What A Day, It’s Opening Day!

Today is the most special of days for a baseball fan, it’s Opening Day.

We aren’t going to wax poetic about it, that has been done by some of the great sportswriters who have ever put pen to paper.

However, if you are a baseball fan, you have Opening Day memories.  Some of them are great, and being born and raised in the Cleveland area, some of them are about freezing your butt off.

The opening of then Jacobs Field was an amazing day.  After a lifetime watching baseball in dilapidated Cleveland Municipal Stadium, the city had a new park for the Tribe.  It took several years for the feeling of newness to wear off.

Randy Johnson flirted with a no-hitter, carrying it into the 8th inning, before Sandy Alomar Jr. broke it up with a single, and rookie Manny Ramirez tied the game later that inning with a double.

Wayne Kirby, who will throw out the first pitch Monday in Cleveland on the 25th anniversary of the ballpark, won the game in the bottom of the 11th with a single.

With the passing of Frank Robinson this winter, our biggest memory is that of 1975, Robinson debut as the first African-American manager of a major league baseball team.  In his first at bat as a player-manager, Robinson homered off Doc Medich, while we sat in the lower deck between home plate and first base.

In 1973, we were one of the still Opening Day record of 74,420 in attendance to see Gaylord Perry outduel Mickey Lolich and the Tigers, 2-1, making a Chris Chambliss first inning two run homer stand.

The immortal Gomer Hodge sent us home happy in 1971 with a walk off single in the bottom of the ninth, beating Boston, 3-2.  Hodge had only 17 major league hits, but was a folk hero early in the season, collecting hits in his first four at bats.

He started his career going 6 for 10, mostly in a pinch-hitting role.  Unfortunately, he went 11 for 73 for the rest of his career.

Other games are memorable for another reason.

In 1986, newly acquired Phil Niekro seemingly went to 3-2 on every Detroit hitter on a very cold Friday afternoon, and the Indians went down to a 7-2 loss.  It may have been the most frigid game we had ever attended.
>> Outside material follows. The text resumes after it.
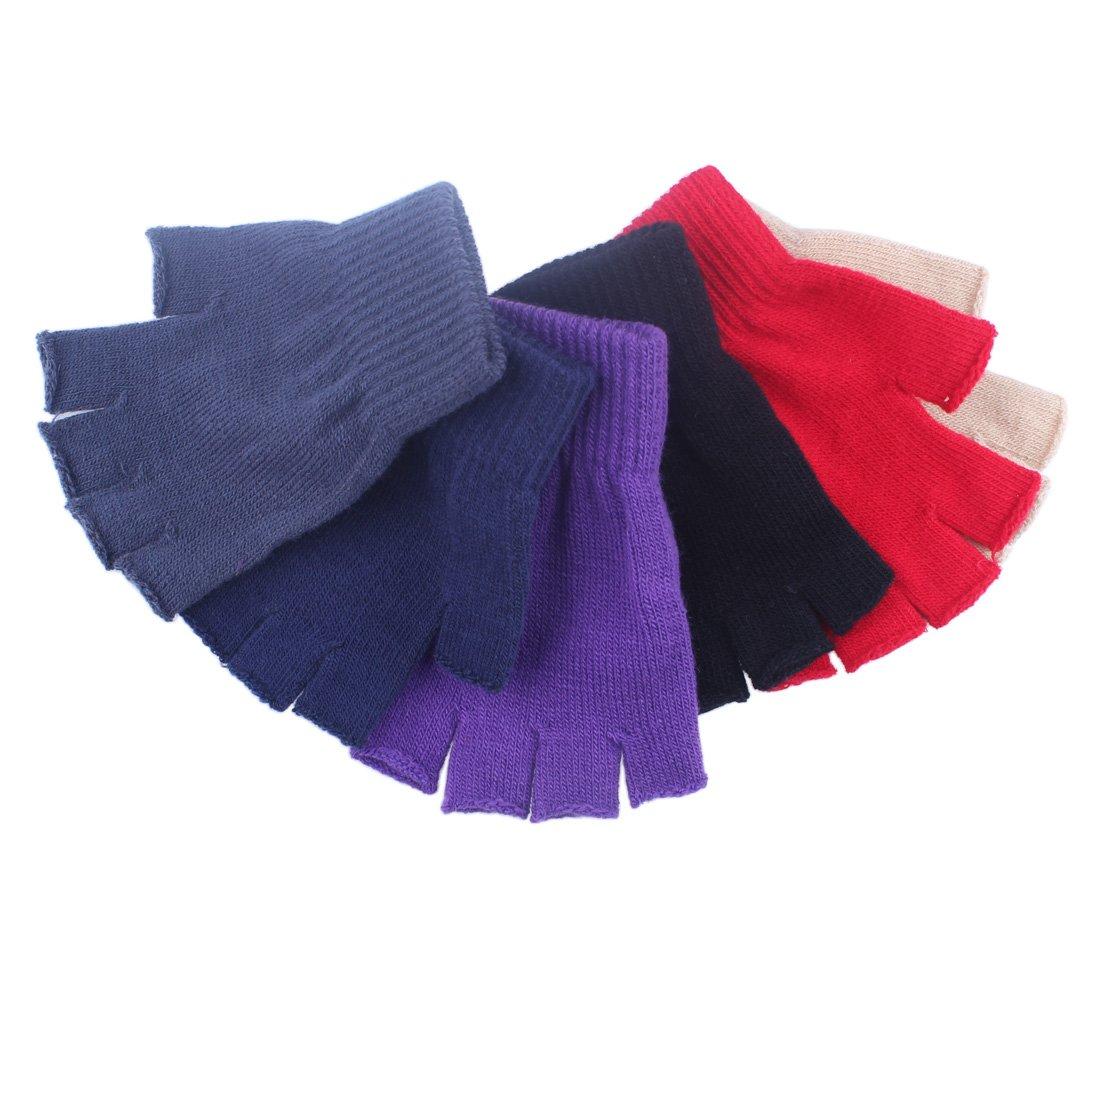 Kids Child little Girl Boy Winter Wool Knitted Gloves ZJDZ1794-7

1992 saw the home opener go 19 innings, before a Tim Naehring homer gave Boston a 5-3 victory.  The game went six and a half hours, although most of the 65,000 who were there at the start of the game remained.

And of course, the 2007 opener in Cleveland featured the game that fell just short of being an Indians’ win because the falling snow made it impossible for players to see.  The snow didn’t stop, forcing the Tribe to play a series in against the Angels in Milwaukee because the field was unplayable.

We do have one more memory we would someday like to have.  That would be when the Indians players line up to get their World Championship rings and raise a banner commemorating a World Series title.

Perhaps next year can be that year.  All Indians’ fans can hope for that.